◆ **Source records**:
*** Begin section ***

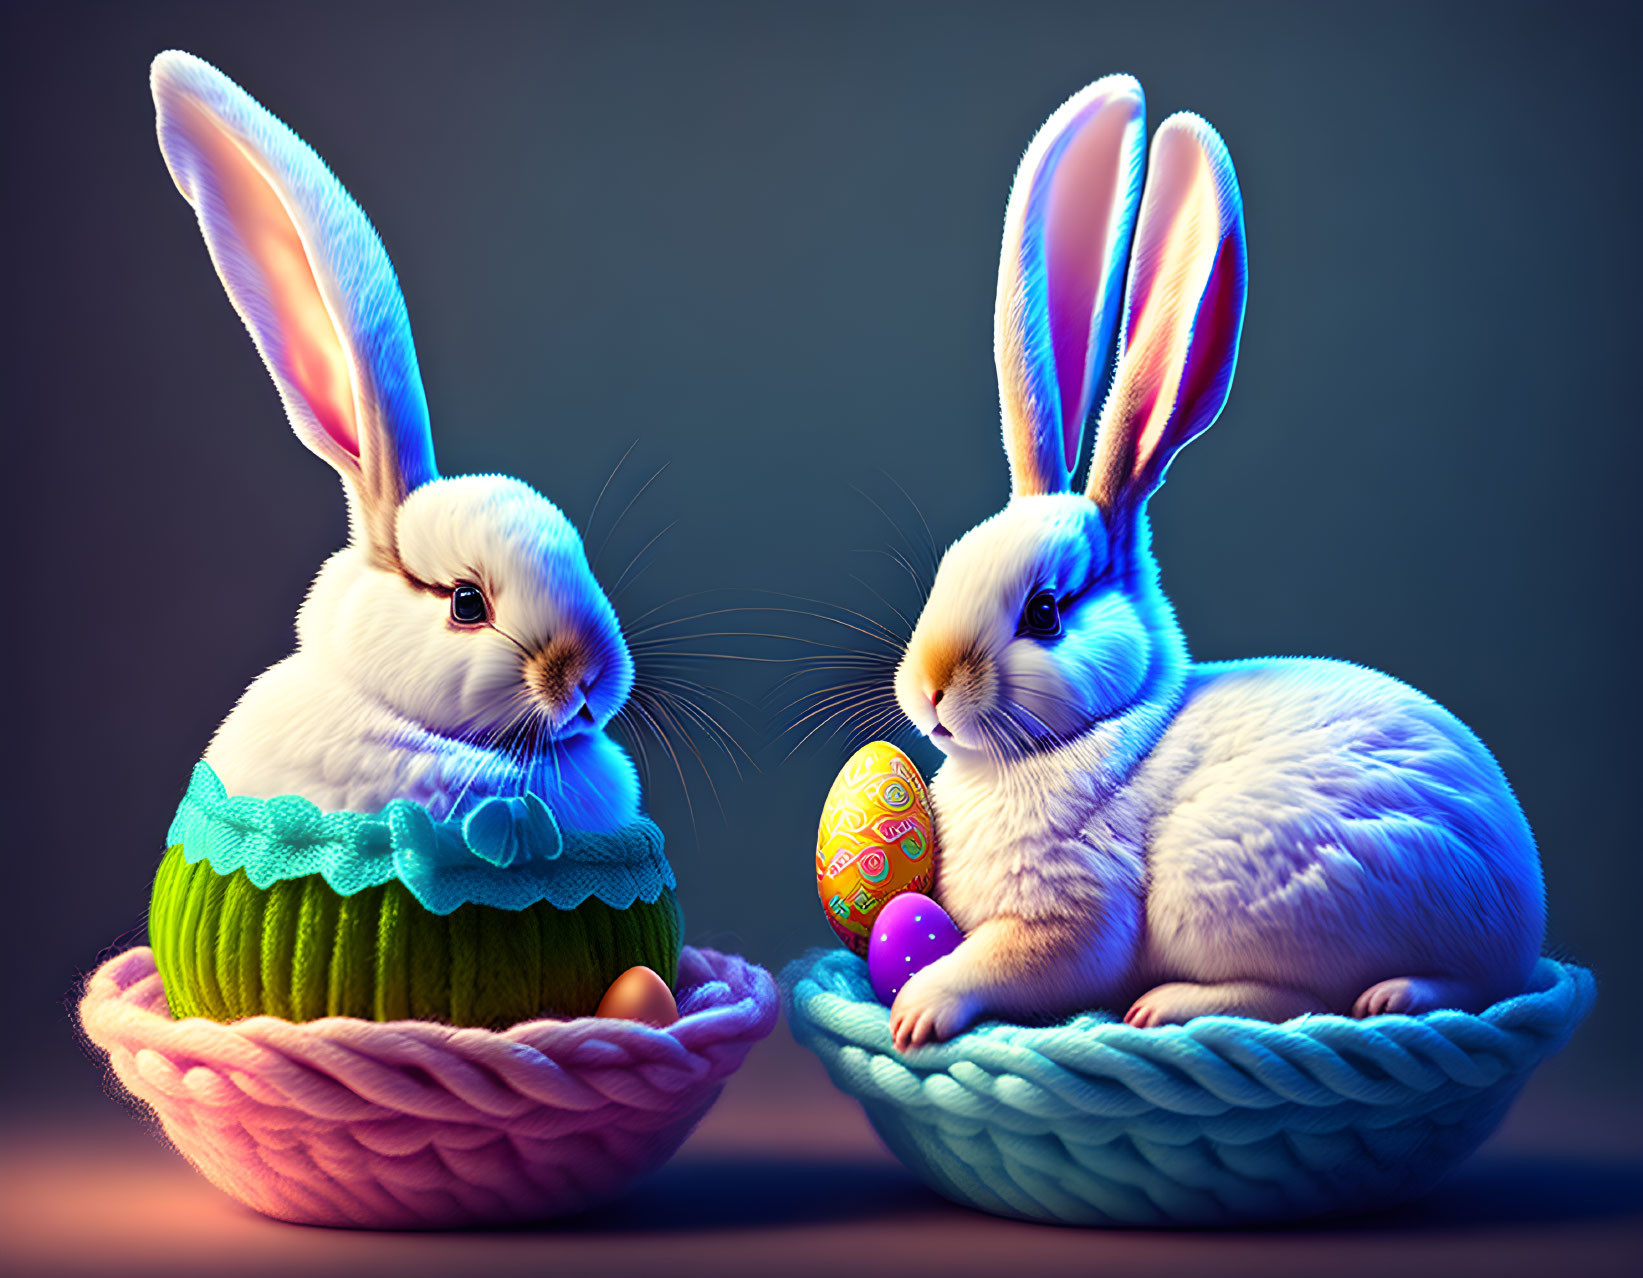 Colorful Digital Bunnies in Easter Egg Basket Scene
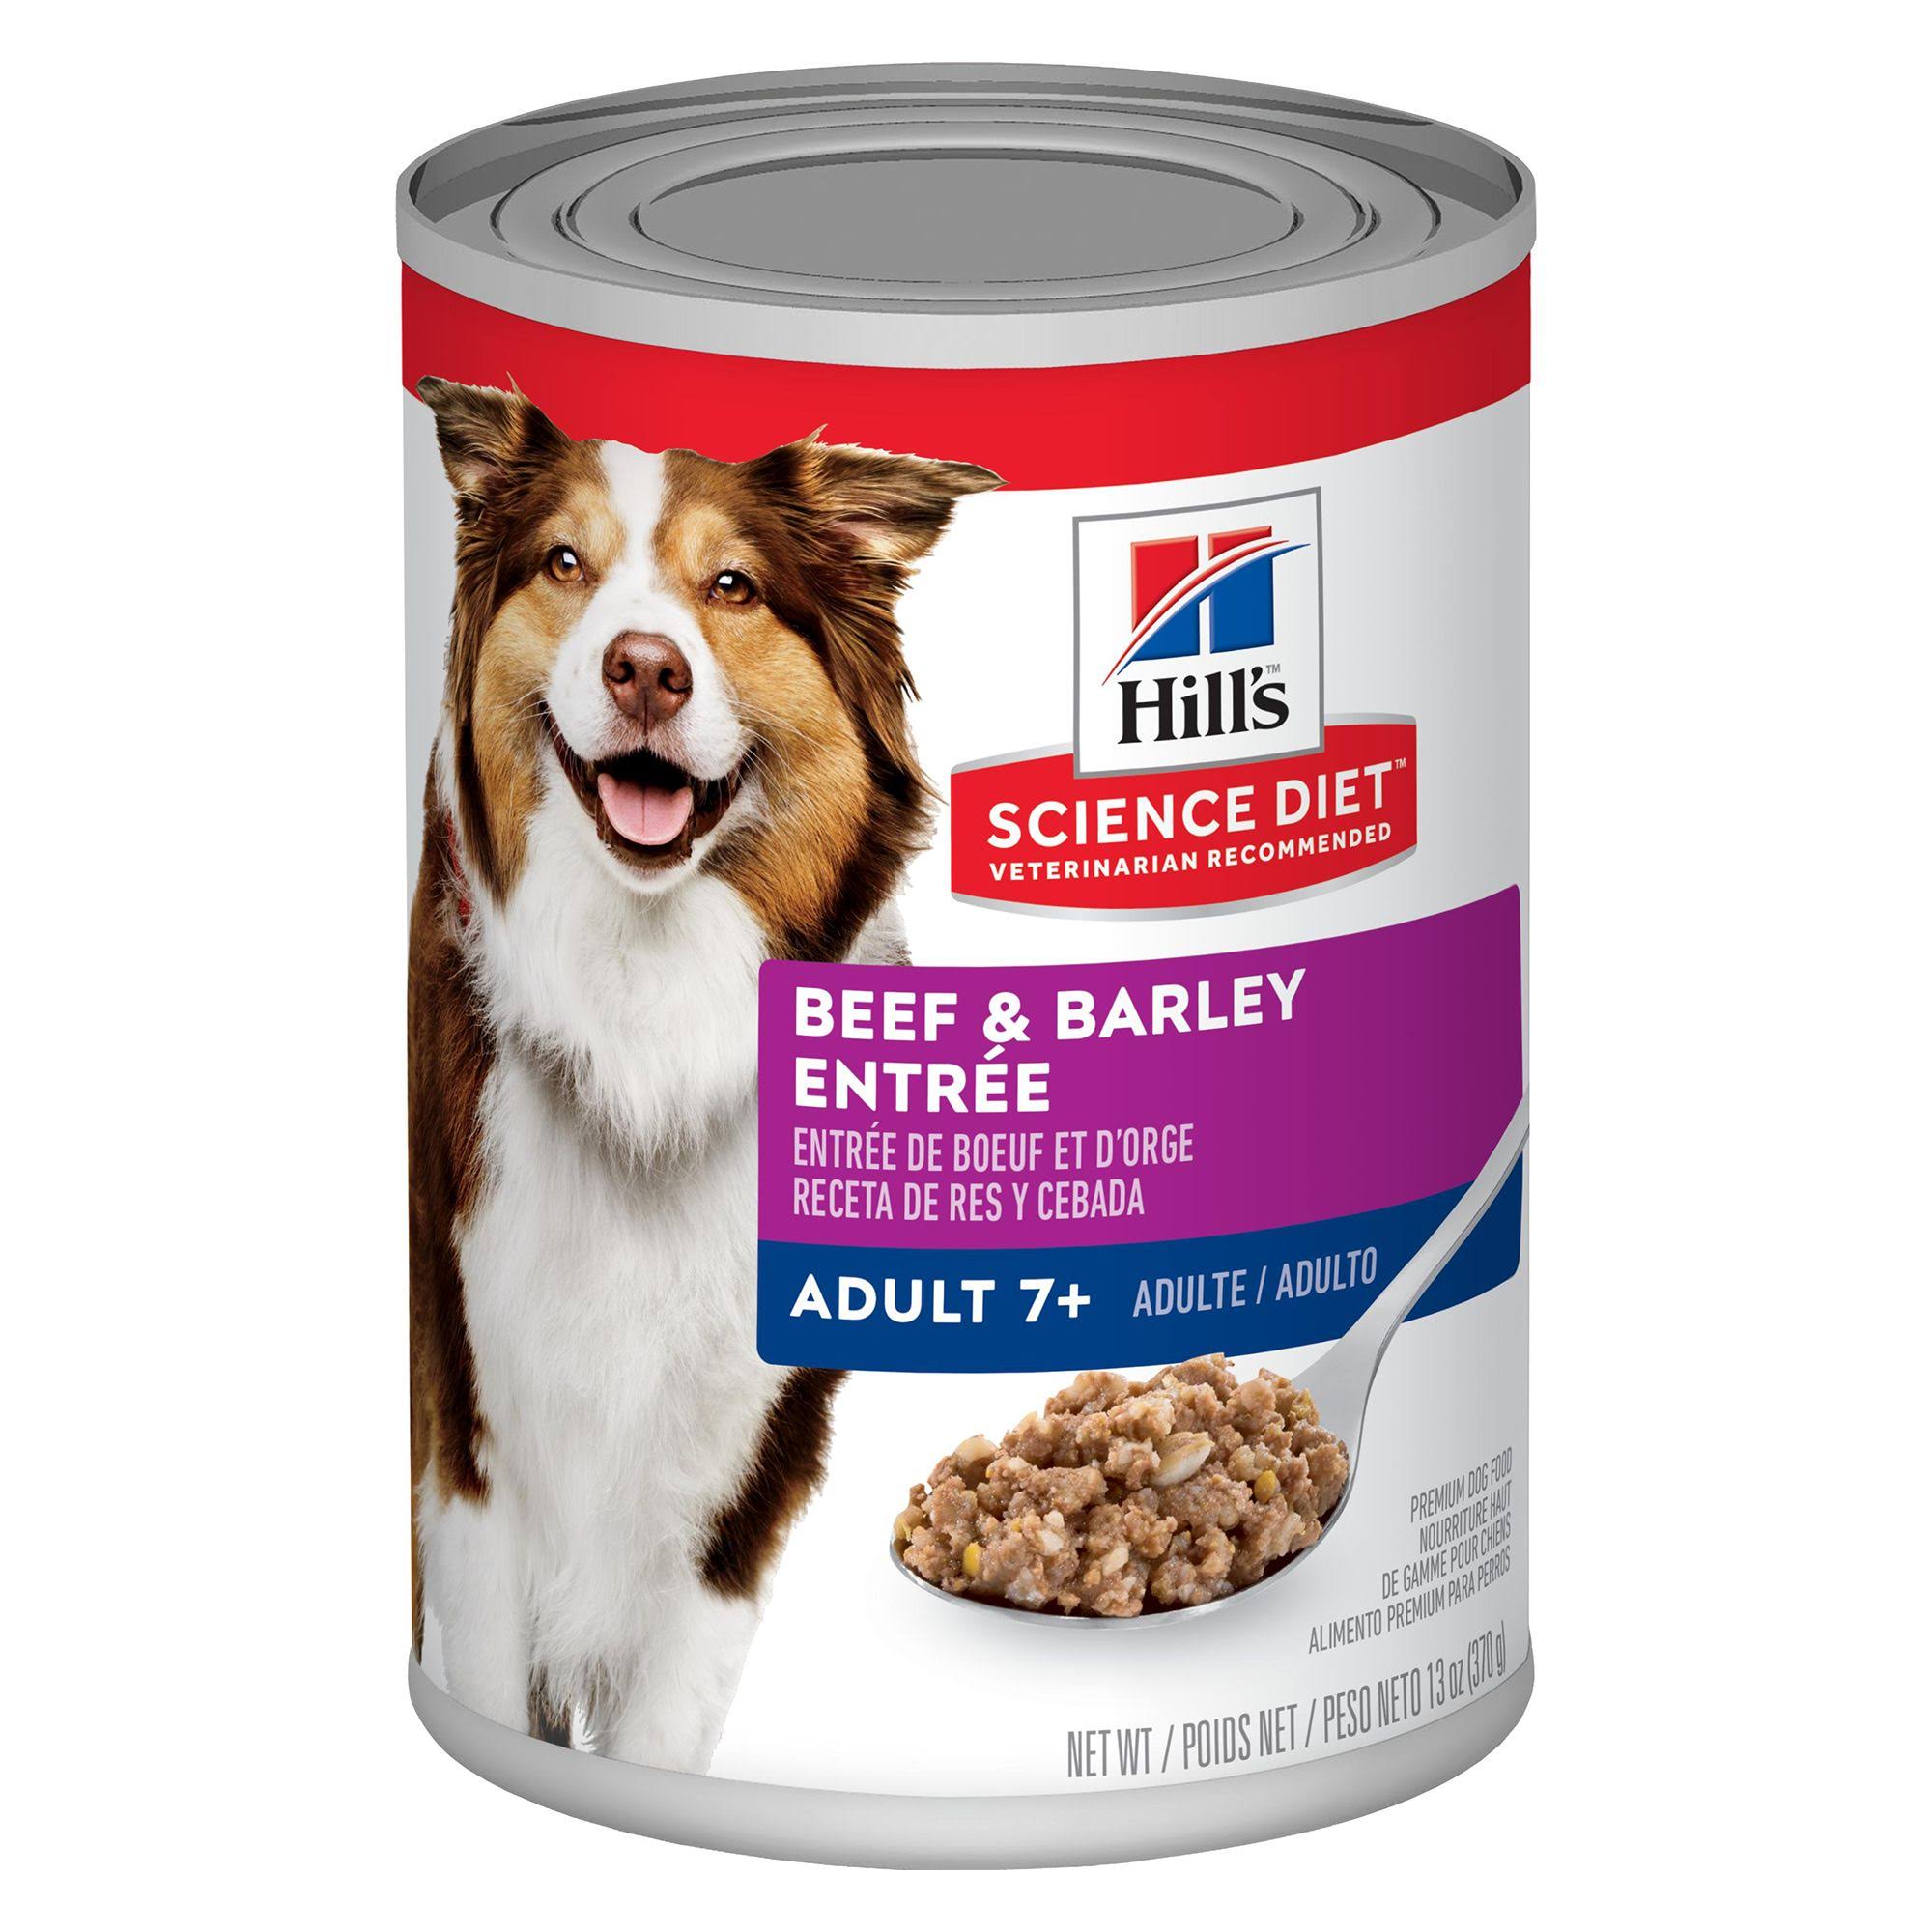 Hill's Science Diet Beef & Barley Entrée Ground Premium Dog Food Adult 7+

*** End section ***
*** Begin section ***

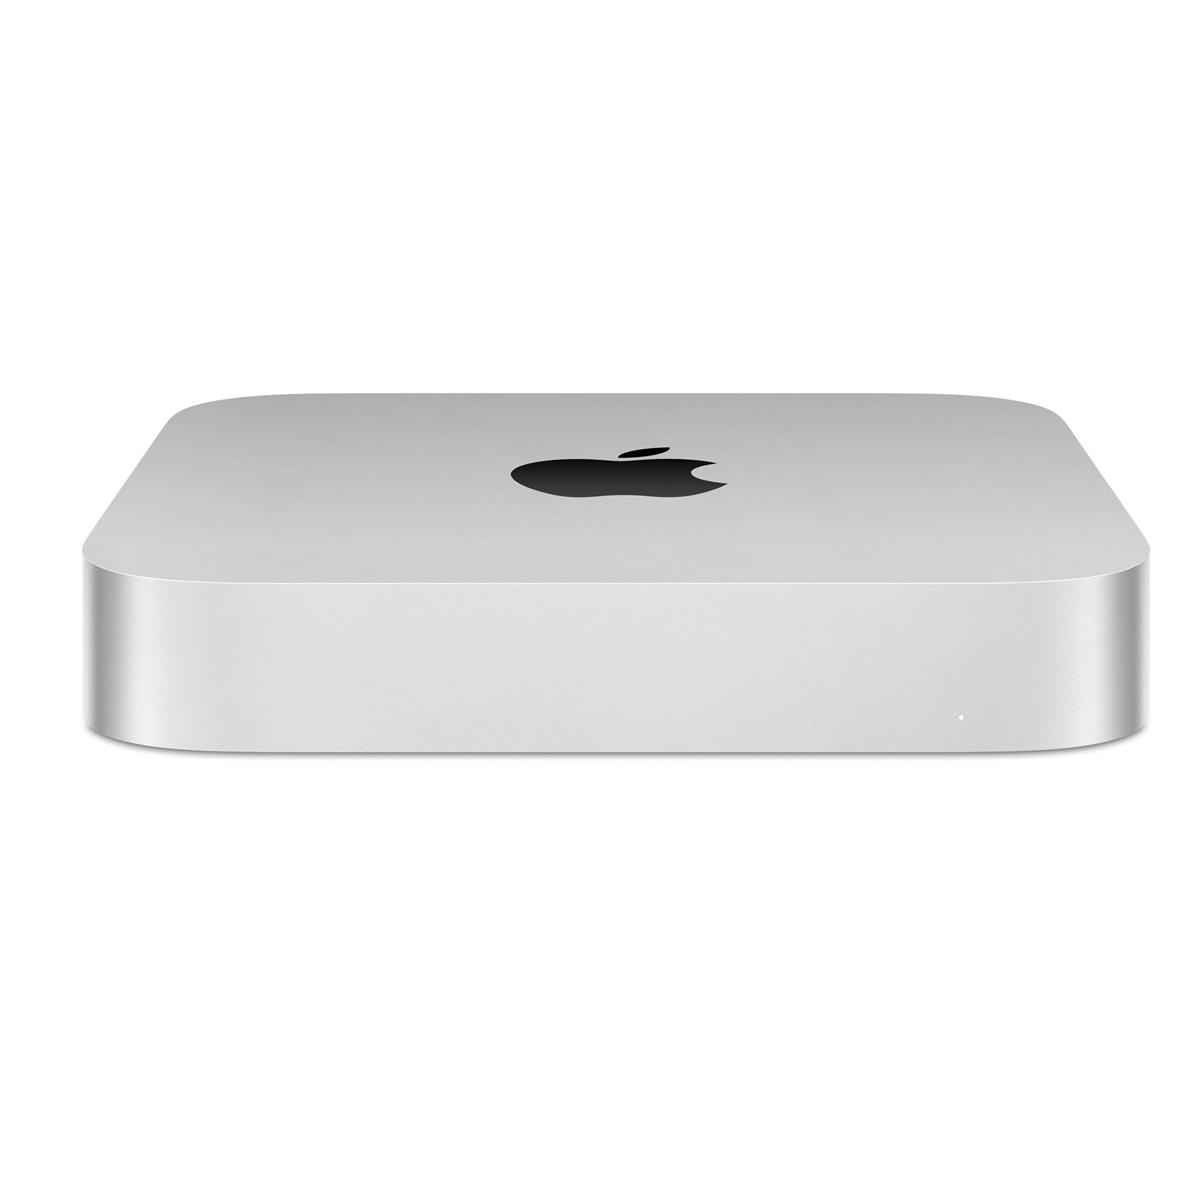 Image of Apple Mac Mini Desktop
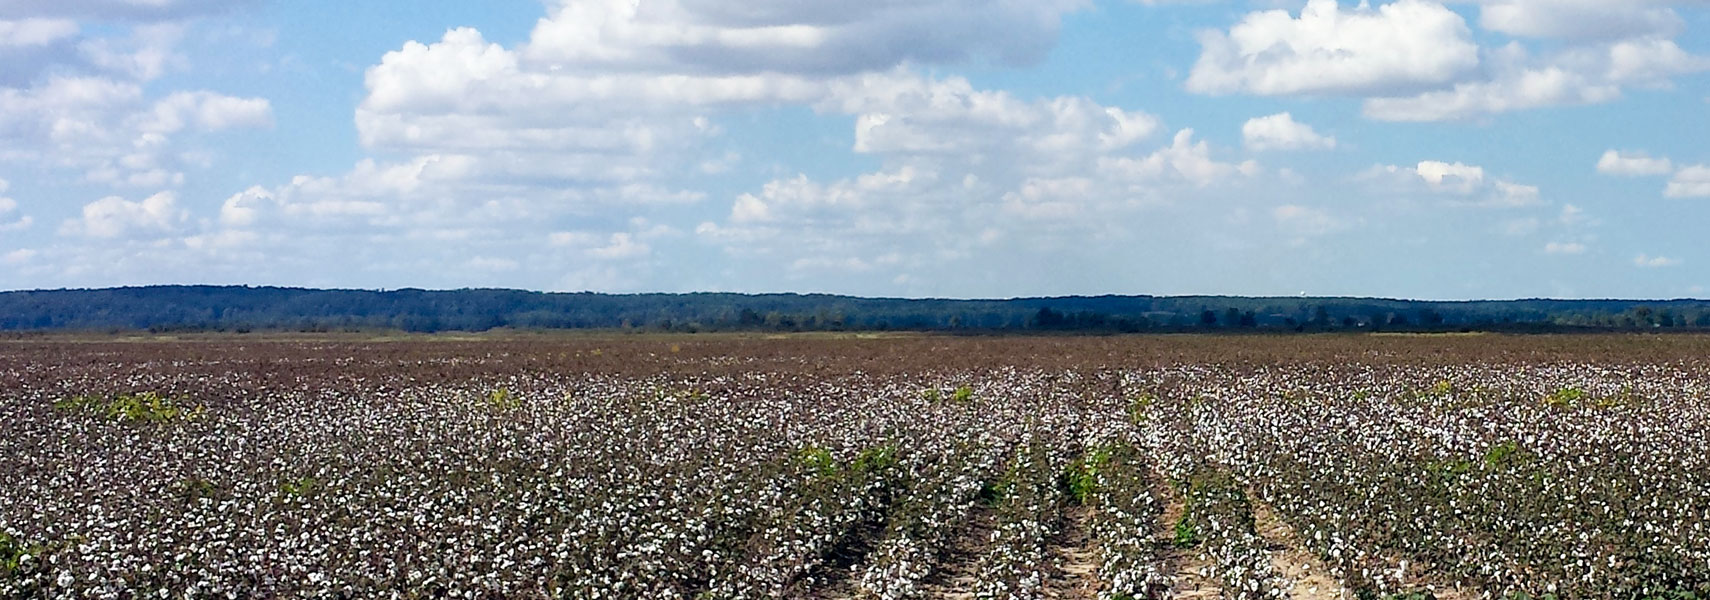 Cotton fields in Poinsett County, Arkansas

*** End section ***

◆ **Assignment**: Using the data above, retype exactly the lines from the line with "Colorful Digital Bunnies" to the line with "Hill's Science Diet", inclusive. No pictures and nothing else.

◆ **Result below**:
 Colorful Digital Bunnies in Easter Egg Basket Scene
 Hill's Science Diet Beef & Barley Entrée Ground Premium Dog Food Adult 7+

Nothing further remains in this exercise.